• [Task requirements]:
Among the lines below, copy exactly those from the one with "CLOT x Nike 'Bruce Lee' Clotez" through the one with "Dealer: S138XX", counting both ends.

• [Given records]:
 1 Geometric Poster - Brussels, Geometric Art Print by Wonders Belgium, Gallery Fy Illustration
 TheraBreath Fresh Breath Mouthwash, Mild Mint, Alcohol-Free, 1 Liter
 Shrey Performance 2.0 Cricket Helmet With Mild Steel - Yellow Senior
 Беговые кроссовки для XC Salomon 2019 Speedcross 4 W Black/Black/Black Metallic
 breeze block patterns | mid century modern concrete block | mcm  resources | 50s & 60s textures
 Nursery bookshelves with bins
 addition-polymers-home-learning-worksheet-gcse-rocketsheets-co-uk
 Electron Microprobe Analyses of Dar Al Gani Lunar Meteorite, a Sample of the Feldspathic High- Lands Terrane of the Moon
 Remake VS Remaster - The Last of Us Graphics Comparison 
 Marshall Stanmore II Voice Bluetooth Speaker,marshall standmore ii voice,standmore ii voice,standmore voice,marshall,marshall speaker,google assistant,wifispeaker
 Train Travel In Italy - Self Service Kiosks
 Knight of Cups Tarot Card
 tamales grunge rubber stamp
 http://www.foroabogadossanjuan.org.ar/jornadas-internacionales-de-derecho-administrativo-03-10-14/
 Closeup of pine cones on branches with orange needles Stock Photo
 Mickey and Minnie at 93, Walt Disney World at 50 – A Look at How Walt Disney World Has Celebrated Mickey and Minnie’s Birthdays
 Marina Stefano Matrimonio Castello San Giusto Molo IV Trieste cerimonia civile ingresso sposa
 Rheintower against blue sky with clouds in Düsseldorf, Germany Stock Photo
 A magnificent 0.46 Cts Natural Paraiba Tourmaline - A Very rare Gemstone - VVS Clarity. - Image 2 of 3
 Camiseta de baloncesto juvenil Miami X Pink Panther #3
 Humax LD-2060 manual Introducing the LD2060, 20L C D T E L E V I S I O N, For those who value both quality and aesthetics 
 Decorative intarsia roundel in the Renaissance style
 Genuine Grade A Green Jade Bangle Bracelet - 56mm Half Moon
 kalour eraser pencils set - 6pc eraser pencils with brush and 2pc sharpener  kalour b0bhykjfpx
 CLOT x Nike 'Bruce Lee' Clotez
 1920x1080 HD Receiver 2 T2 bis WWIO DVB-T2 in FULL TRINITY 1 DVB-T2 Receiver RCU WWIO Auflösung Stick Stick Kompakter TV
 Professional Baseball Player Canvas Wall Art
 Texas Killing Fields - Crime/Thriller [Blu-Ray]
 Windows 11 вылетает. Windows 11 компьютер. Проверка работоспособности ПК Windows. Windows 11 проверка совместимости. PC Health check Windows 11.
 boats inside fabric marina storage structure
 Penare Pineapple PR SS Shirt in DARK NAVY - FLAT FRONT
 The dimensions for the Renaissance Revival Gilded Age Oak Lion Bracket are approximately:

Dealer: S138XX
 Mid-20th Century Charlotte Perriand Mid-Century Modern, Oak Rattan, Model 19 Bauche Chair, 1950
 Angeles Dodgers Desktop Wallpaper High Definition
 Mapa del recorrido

• [Your solution]:
 CLOT x Nike 'Bruce Lee' Clotez
 1920x1080 HD Receiver 2 T2 bis WWIO DVB-T2 in FULL TRINITY 1 DVB-T2 Receiver RCU WWIO Auflösung Stick Stick Kompakter TV
 Professional Baseball Player Canvas Wall Art
 Texas Killing Fields - Crime/Thriller [Blu-Ray]
 Windows 11 вылетает. Windows 11 компьютер. Проверка работоспособности ПК Windows. Windows 11 проверка совместимости. PC Health check Windows 11.
 boats inside fabric marina storage structure
 Penare Pineapple PR SS Shirt in DARK NAVY - FLAT FRONT
 The dimensions for the Renaissance Revival Gilded Age Oak Lion Bracket are approximately:

Dealer: S138XX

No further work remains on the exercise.